Oil and gas production can be divided into three stages: upstream, midstream, and downstream. The upstream stage involves exploring and drilling for oil and gas. The midstream stage involves transporting oil and gas, generally through pipelines. The downstream stage involves refining, processing, and marketing oil and gas. For a full picture of the process and the lingo, I recommend reading Oil and Gas Production in Nontechnical Language. But nothing is more invaluable than a good mentor.


Knowing the process comes in especially handy when working with royalty calculations. A royalty is generally calculated based on the sale price that a producer receives for oil and gas. The specifics are determined by the lease agreement, which may allow the producer to deduct certain expenses from the gross sale price before calculating a royalty. A producer cannot, however, deduct production expenses, those expenses incurred to get the oil and gas out of the ground. Depending on the lease language and the jurisdiction, non-production expenses may be deducted.


It is not obvious, but three small words—“at the well”—can make a big difference in royalty payments. Oil and gas can be sold at the well or downstream, after they have been processed. Processing adds value to the oil and gas. The higher the sale price, the higher the royalty. Therefore, when leases provide that a royalty be paid on value of oil and gas “at the well,” producers and royalty owners fight about who should profit from the downstream processing. States resolve the dispute differently.


The so-called majority states allow producers to subtract transportation costs from a downstream sale price to arrive at an “at the well” value of the oil and gas. This is called the “net-back” or “work back” rule. Majority states include California, Kentucky, Louisiana, Mississippi, Montana, New Mexico, North Dakota, and Texas. See Byron C. Keeling and Karolyn King Gillespie, “The First Marketable Product Doctrine: Just What Is the ‘Product’?”, 37 St. Mary’s L. J. 1, 52 n. 193 (2005) (citing cases from each state).


The so-called minority states instead charge producers with a duty to market the oil and gas, including a duty to place the oil and gas in marketable condition. Because of their duty to market, producers cannot deduct transportation expenses to arrive at an “at the well” value. This can all get very complicated when companies do then sell oil and gas “at the well,” raising a question as to whether the oil and gas was in marketable condition at the well. Minority states include Kansas, Colorado, Oklahoma, West Virginia, and Wyoming. See id. at 51; see also 3 Williams and Meyers, Oil & Gas Law § 645.2 (discussing Wyoming interpretation of post-production costs); Stirman v. Exxon Corp., 280 F.3d 554, 564–65 (5th Cir. 2002).

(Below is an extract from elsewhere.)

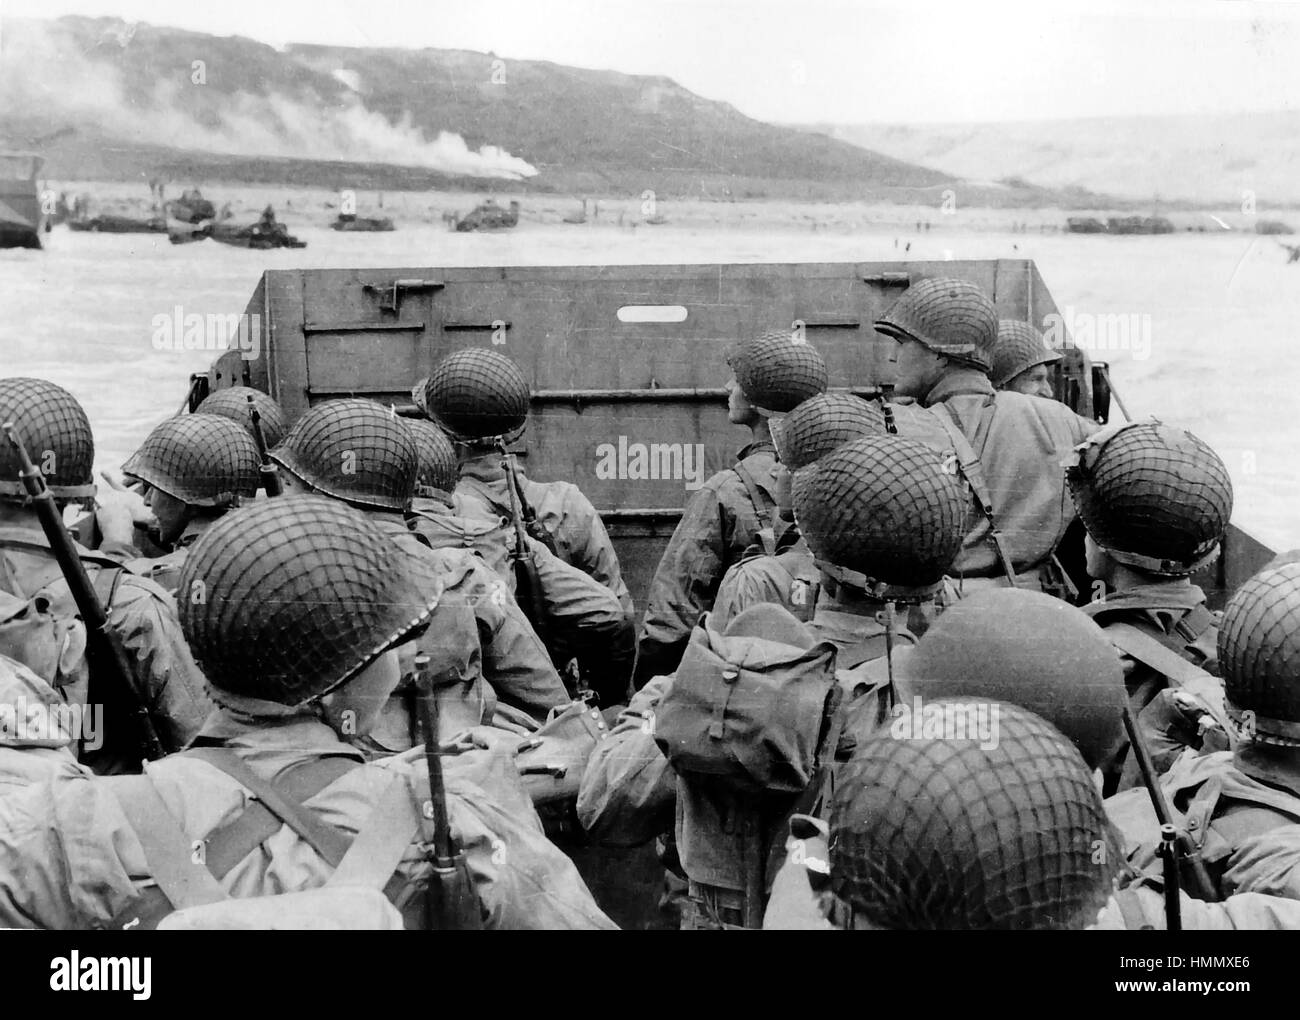 D-DAY 6 JUNE 1944   US landing craft approaches one of the beaches. Photo: US Army Stock Photo

You Are Not the Wildcatter
It is fun to practice law. It is fun to do business. And it is really fun to use the law to help clients do business. You should be enthusiastic about what you do.


But you are not the wildcatter. I recommend this: Before you give a client advice, take a few deep breaths and channel your worrisome mother. You have a duty to be your clients’ counselor. While it is tempting to get enthusiastically carried away in helping clients plan their dreams, being a counselor requires that you think of everything that might not work with their plan. Ask for all the facts, be practical, and discuss the full range of possibilities. This will help your client make fully informed decisions. Even the wildest wildcatter has to appreciate that.


Keywords: energy litigation, oil, gas, mineral interest, working interest, royalty interest, PPQ, JOA


Rebecca L. Phillips is an associate with Vinson & Elkins in Houston, Texas.